ColBERT-X is a generalization of ColBERT for cross-language retrieval.
ColBERT-X can be trained in two ways,
- Zero-Shot (ZS) using English MS MARCO triples, and
- Translate-Train (TT) using translated MS MARCO triples. The command for training is shown below:
CUDA_VISIBLE_DEVICES="0,1,2,3" \
python -m torch.distributed.run --nproc_per_node=4 -m \
xlmr_colbert.train --amp --doc_maxlen 180 --bsize 128 --accum 1 \
--triples /path/to/MSMARCO/triples.train.small.tsv --maxsteps 200000 \
--root /root/to/experiments/ --experiment MSMARCO-CLIR --similarity l2 --run msmarco.clir.l2
Detailed instructions for inference and PRF coming soon!

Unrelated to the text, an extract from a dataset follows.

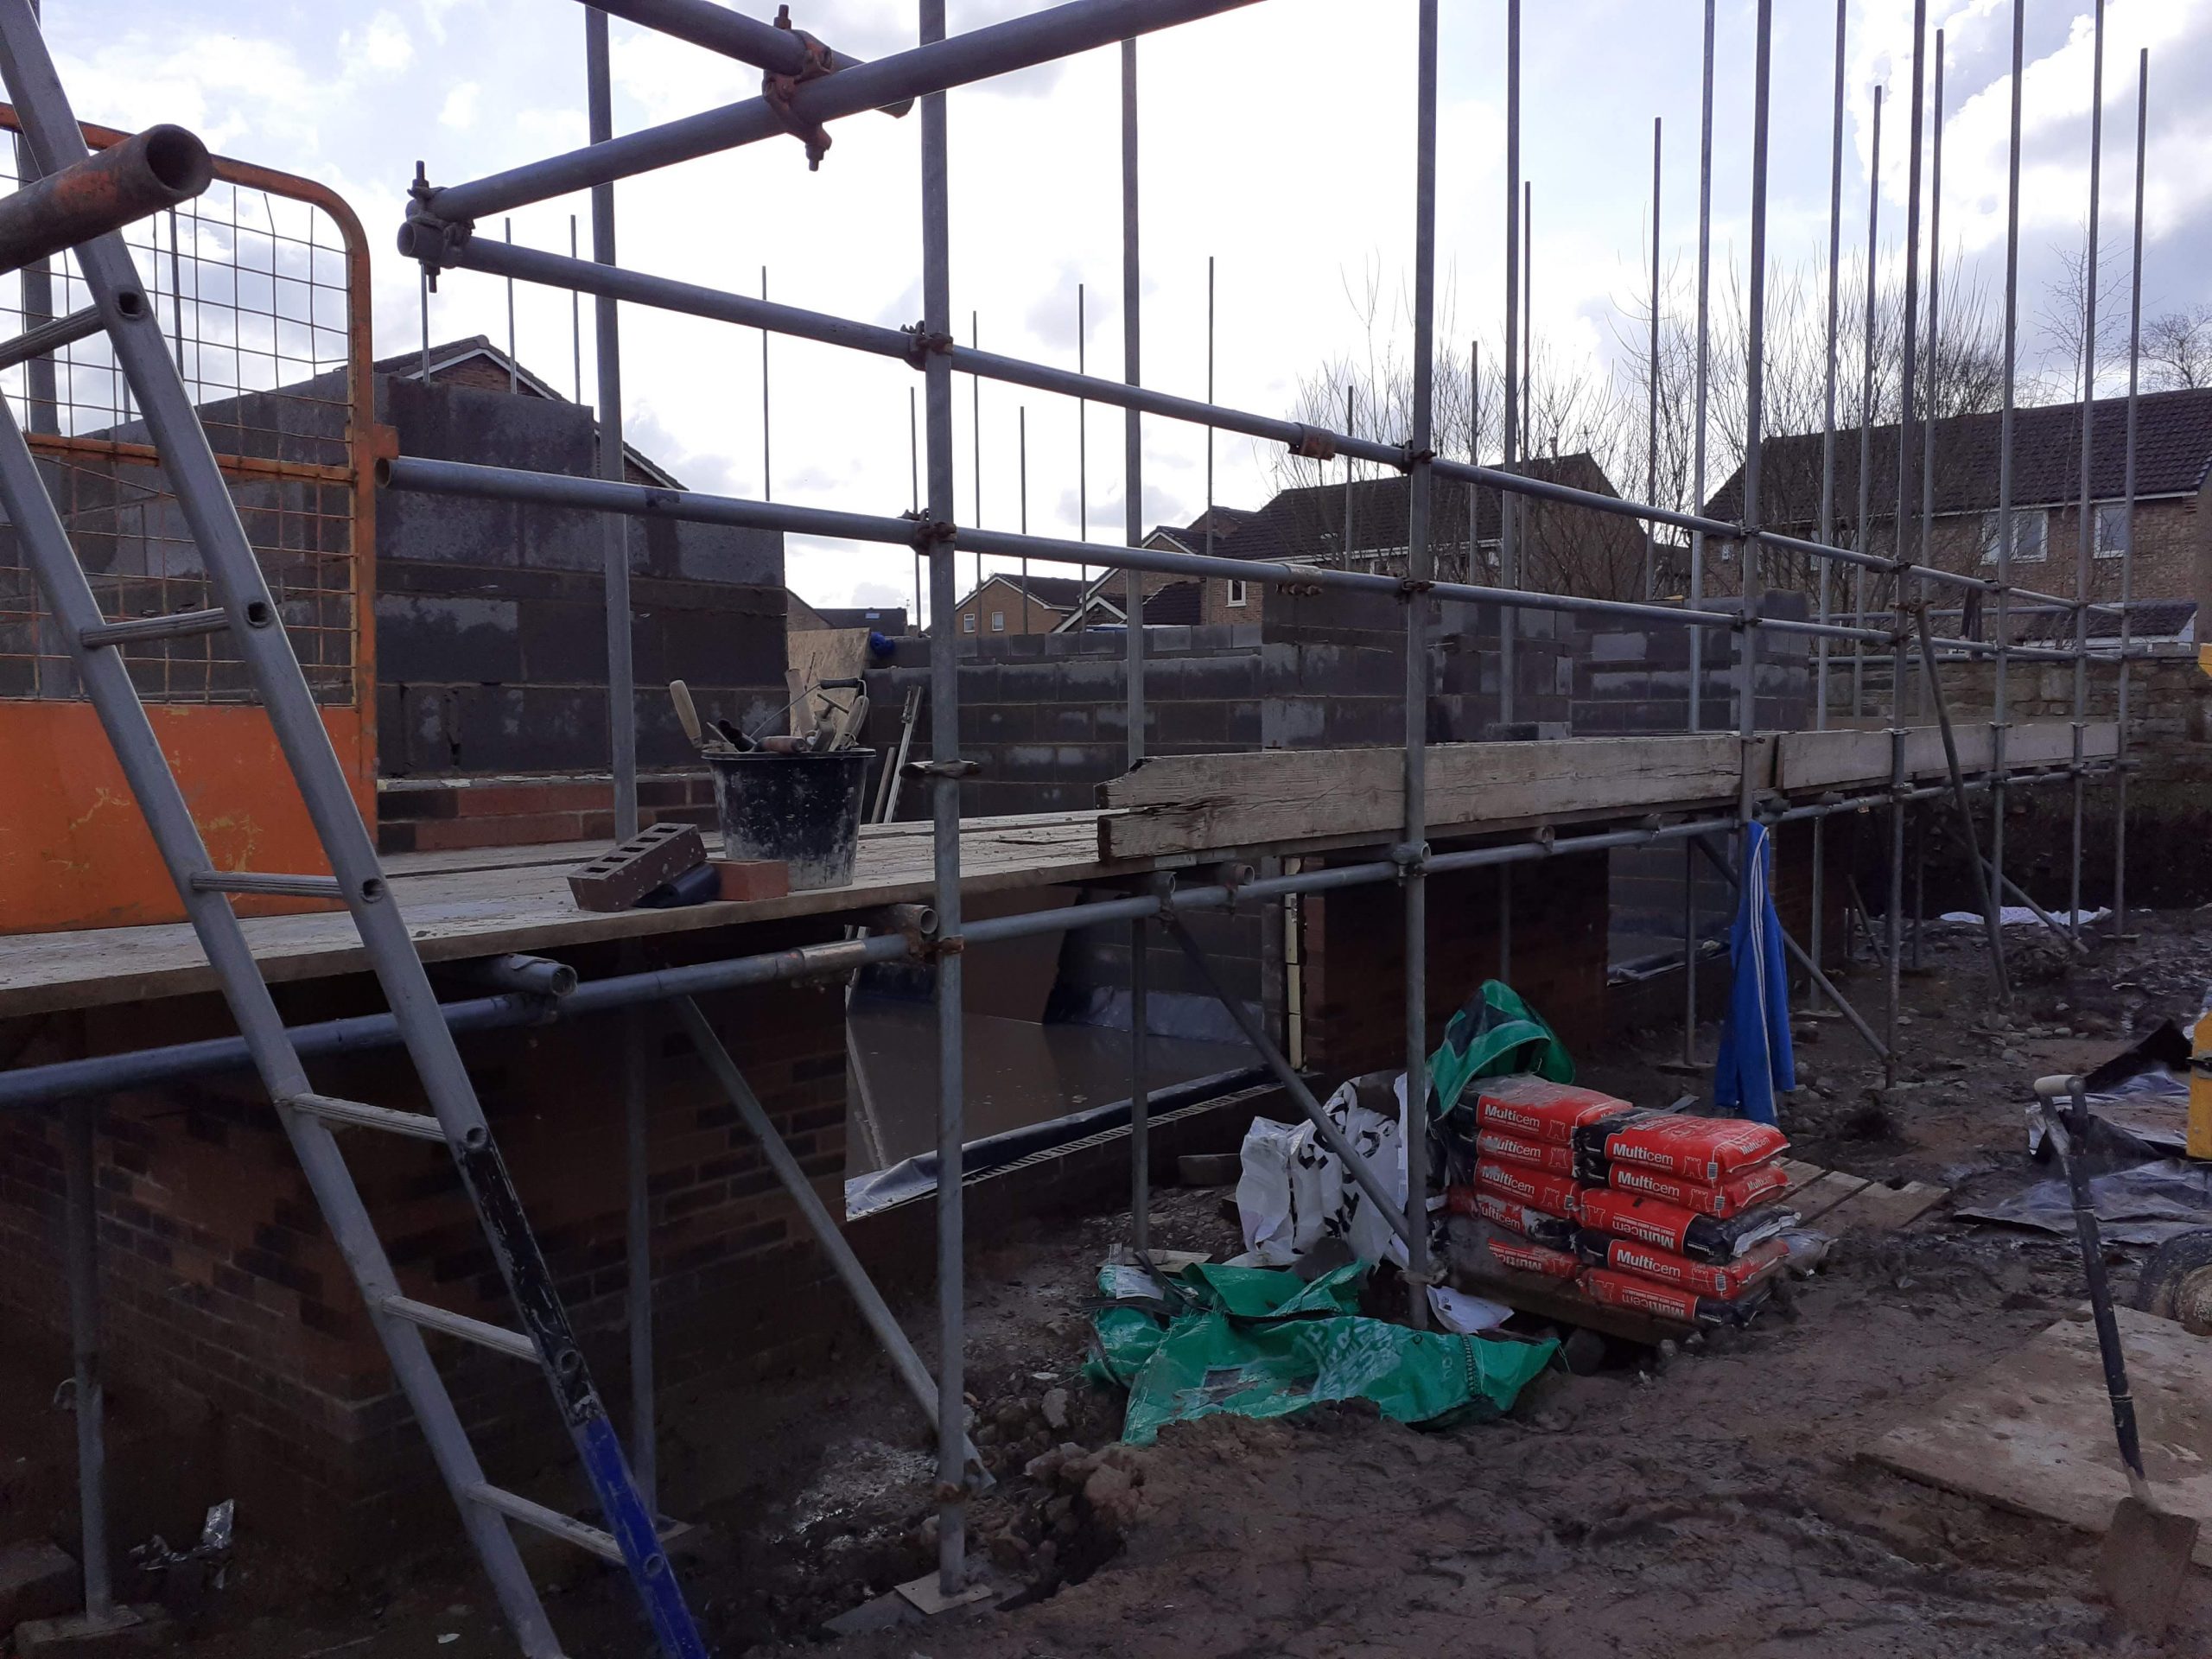 March 4th 2020, Scaffolding Erected

Here we list the differences between the ColBERT v1 codebase and our code
- Changed the model prefix from bert to roberta. Relevant issue here. This is necessary as the incorrect model prefix will not let the pretrained model weights be loaded and they would be initialized from scratch.
- <PAD> token id is 0 for bert tokenizer and 1 for roberta tokenizer. Relevant line here.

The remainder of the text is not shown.